One wonders what consensus the Journal's editorial writers have in mind. Global warming? Evolution? Probably not the economic "Washington consensus," which encapsulates the Journal's theories on economic growth.

Rather than it an indictment of the "scientific consensus" or an example how science sometimes gets it wrong, this prize is a celebration of the process of inquiry and how science really works. It is an example of what Kuhn describes in the The Structure of Scientific Revolutions; it proves that science evolves through bold steps. Marshall and Warren join a long and distinguished line of scientist who bucked the system.

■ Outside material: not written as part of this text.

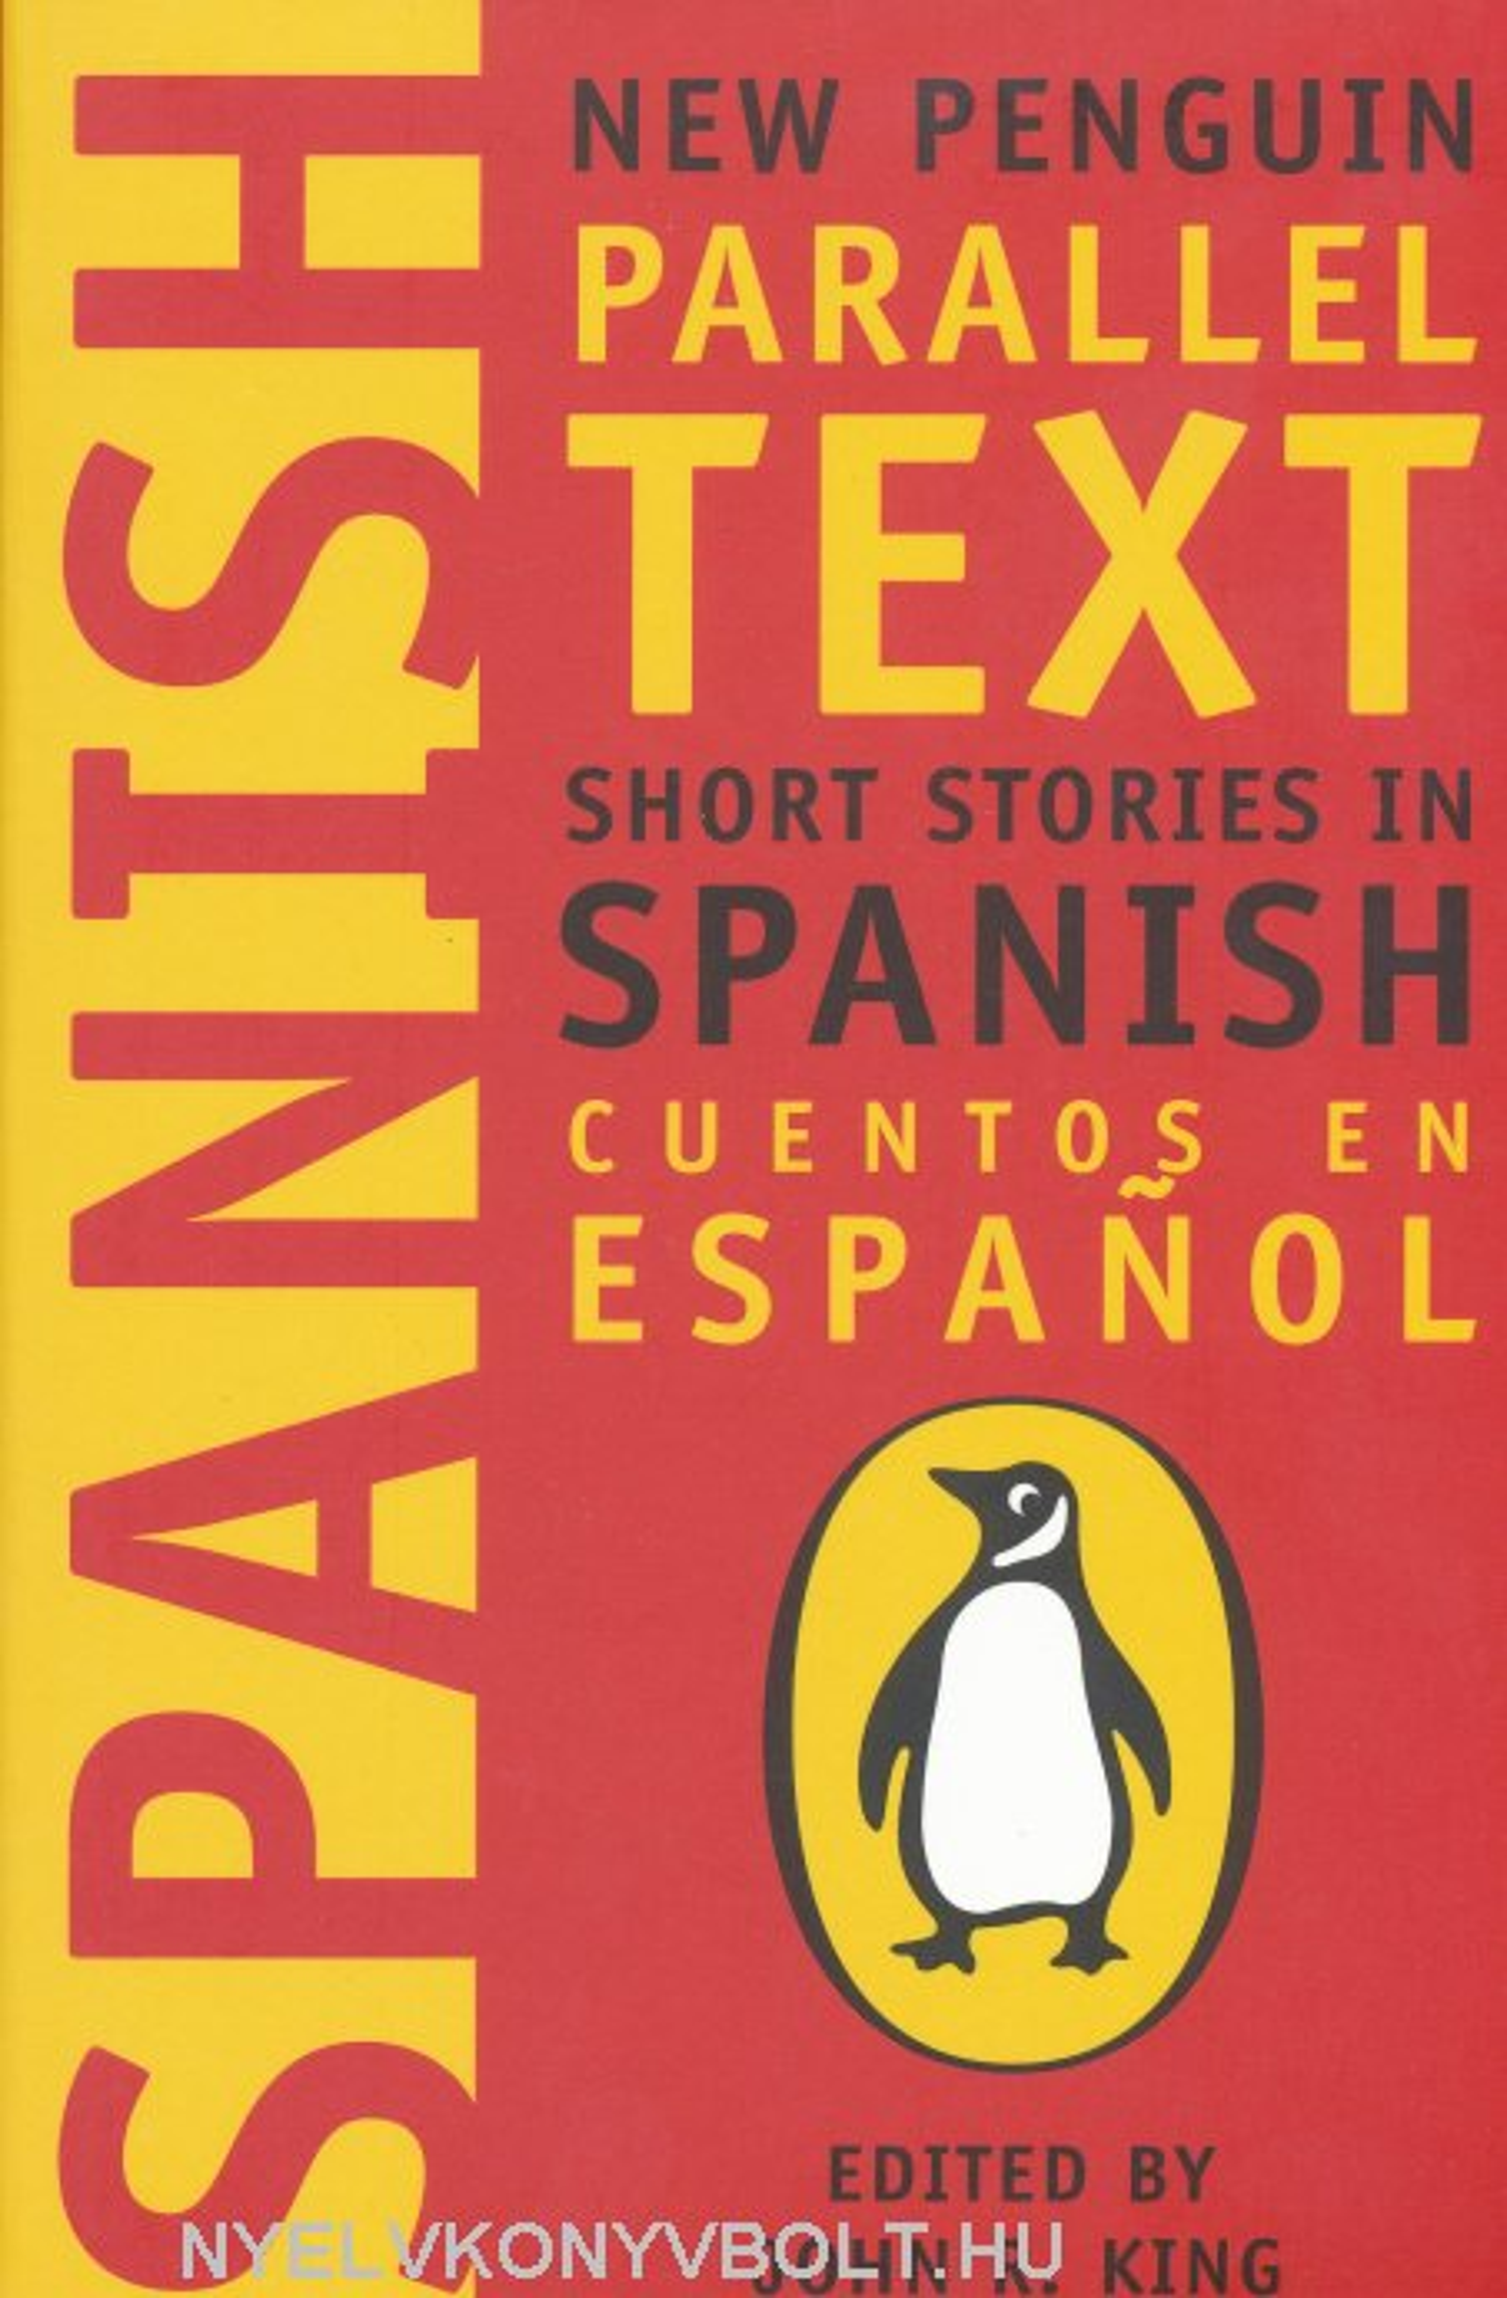 New Penguin Parallel Text - Short Stories in Spanish - Cuentos en Espanol
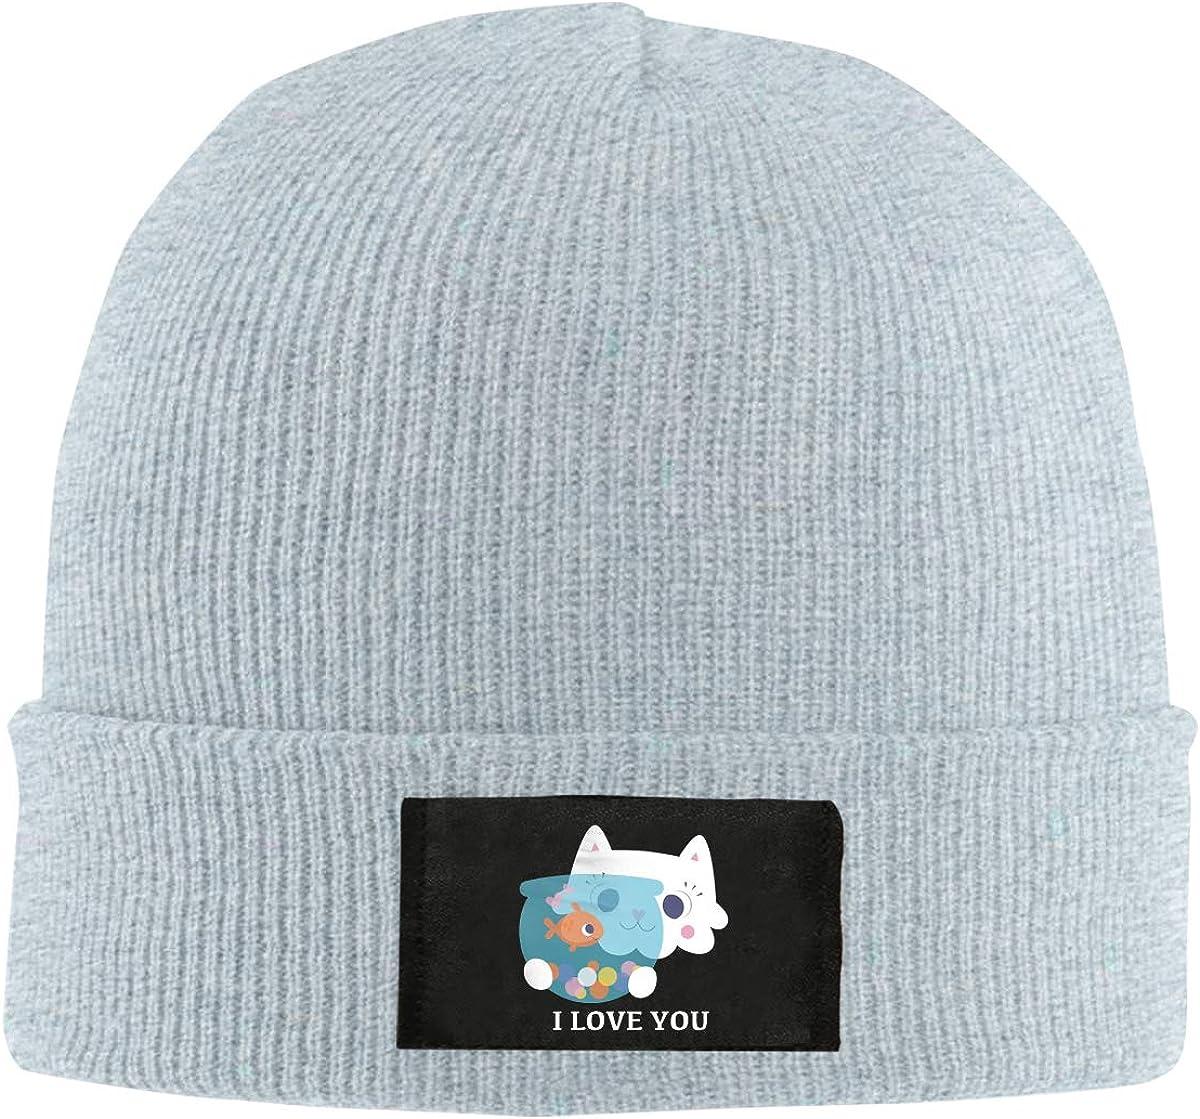 I Love You Cat Kiss Fish Winter Beanie Hat Knit Skull Cap for Men /& Women

This Noble Prize also shows how science progresses through rigorous attention to the facts and the verification of those facts through experimentation. As Madeline Drexler describes in her article, A Nobel Prize for intuition:


At first, Marshall couldn't produce the crowning scientific proof of his claim: inducing ulcers in animals by feeding them the bacterium. So in 1984, as he later reported in the Medical Journal of Australia, "a 32-year-old man, a light smoker and social drinker who had no known gastrointestinal disease or family history of peptic ulceration" - a superb test subject, in other words - "swallowed the growth from a flourishing three-day culture of the isolate."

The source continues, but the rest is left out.